The population of India, which currently ranks as the world’s 2nd most populous country with 1.3 billion inhabitants, is expected to surpass China's 1.4 billion by 2024; and Nigeria, which ranks 7th, is expected to replace the United States as the 3rd most populous country by 2050, according to a new report by the United Nations published on Wednesday.
The current world population of nearly 7.6 billion will increase to 8.6 billion by 2030, 9.8 billion in 2050 and 11.2 billion in 2100, said the report titled, “World Population Prospects: The 2017 Revision.” Published by the Department of Economic and Social Affairs' Population Division, the study said the growth will be spurred by the relatively high levels of fertility in developing countries – despite an overall drop in the number of children people have around the globe. Roughly 83 million people are added to the world's population every year and the upward trend is expected to continue even with a continuing decline in fertility rates, which have fallen steadily since the 1960s.
John Wilmoth, director of the Population Division, said that the report includes information on the populations of 233 countries or areas of the world. `The population in Africa is notable for its rapid rate of growth, and it is anticipated that over half of global population growth between now and 2050 will take place in that region,'' he said at a news conference at the UN in New York, June 21. “At the other extreme, it is expected that the population of Europe will, in fact, decline somewhat in the coming decades,'' he said
The U.N. agency forecasts that from now through 2050 half the world's population growth will be concentrated in just nine countries - India, Nigeria, Congo, Pakistan, Ethiopia, Tanzania, United States, Uganda and Indonesia. Those nations are listed in the order of their ``expected contribution to total growth,'' the report said. During the same period, it added, the populations of 26 African countries are expected to at least double.
Declining fertility rates
The report said fertility has been declining in nearly all regions in recent years. Between 2010 and 2015, Wilmoth said, ``the world's women had 2 1/2 births per woman over a lifetime - but this number varies widely around the world.'' “Europe has the lowest fertility level, estimated at 1.6 births per woman in the most recent period, while Africa has the highest fertility, with around 4.7 births per woman,'' he said. More and more countries now have fertility rates below the level of roughly 2.1 births per woman needed to replace the current generation, the report said. During the 2010-2015 period, fertility was below the replacement level in 83 countries comprising 46 percent of the world's population, it said. The 10 most populous countries with low fertility levels are China, United States, Brazil, Russia, Japan, Vietnam, Germany, Iran, Thailand and United Kingdom, the report said.

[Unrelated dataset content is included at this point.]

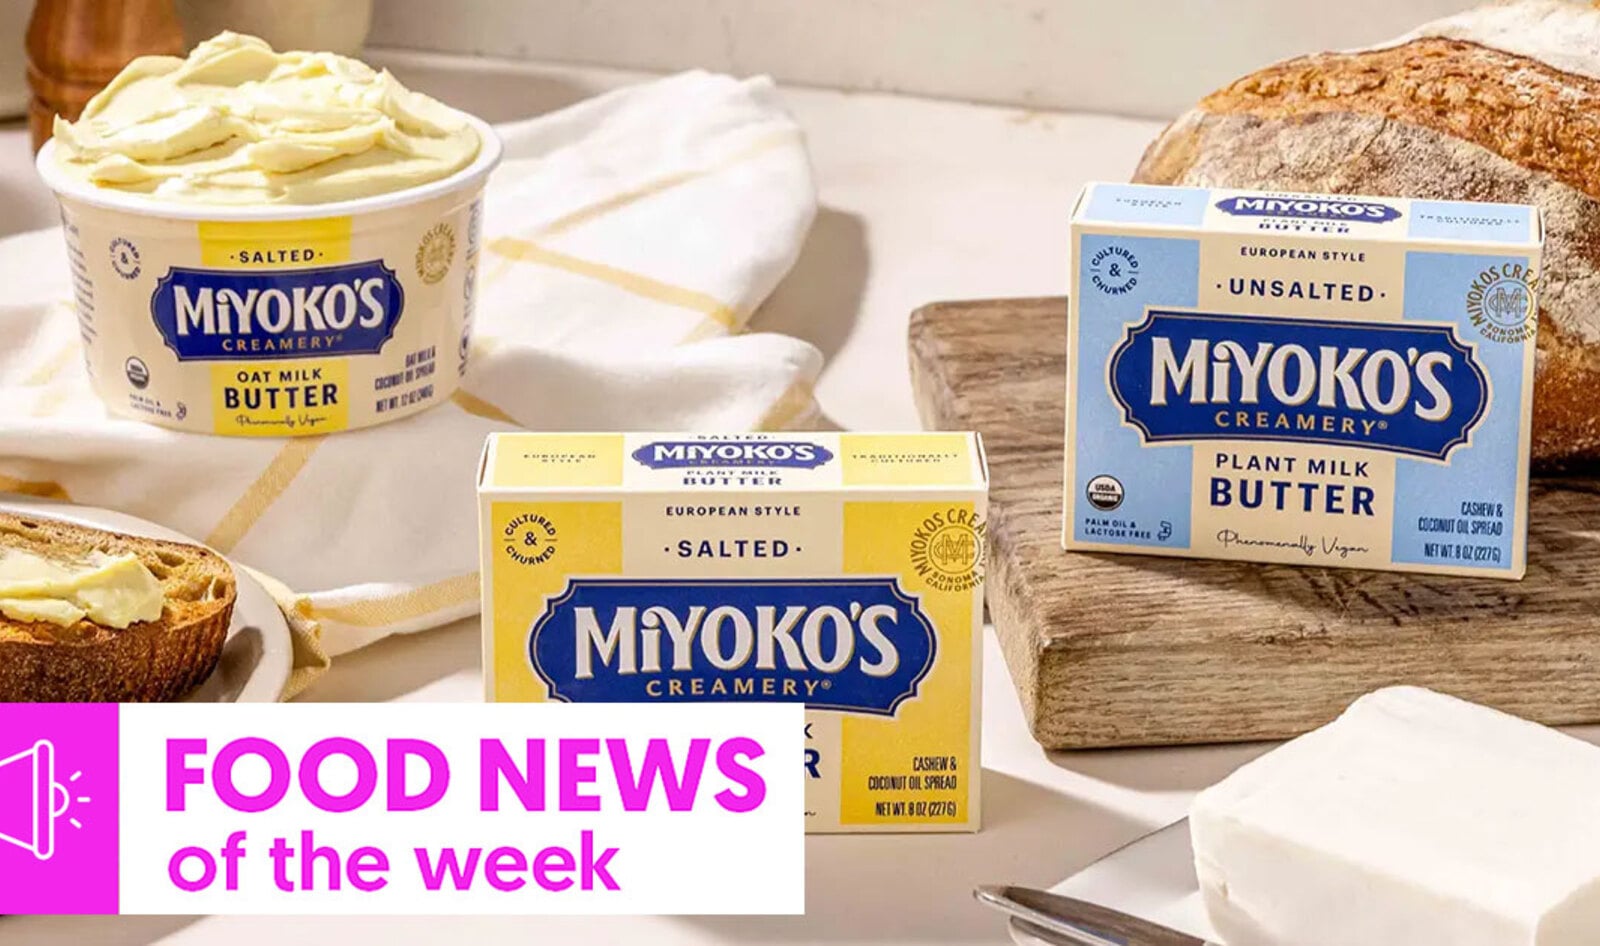 Vegan Food News of the Week: Miyoko’s Considers Sale, Virgin Atlantic’s Snack Bars, and More

In addition to slowing population growth, low fertility levels lead to an older population, the report noted. It forecasts that the number of people aged 60 or above will more than double from the current 962 million to 2.1 billion in 2050 and more than triple to 3.1 billion in 2100. A quarter of Europe's population is already aged 60 or over, and that share is projected to reach 35 percent in 2050 then remain around that level for the rest of the century.
Migrants and refugees
The report also noted the impacts of the flows of migrants and refugees between countries, in particular noting the impact of the Syrian refugee crisis and the estimated outflow of 4.2 million people in 2010-2015. In terms of migration, “although international migration at or around current levels will be insufficient to compensate fully for the expected loss of population tied to low levels of fertility, especially in the European region, the movement of people between countries can help attenuate some of the adverse consequences of population ageing,” the authors of the report wrote.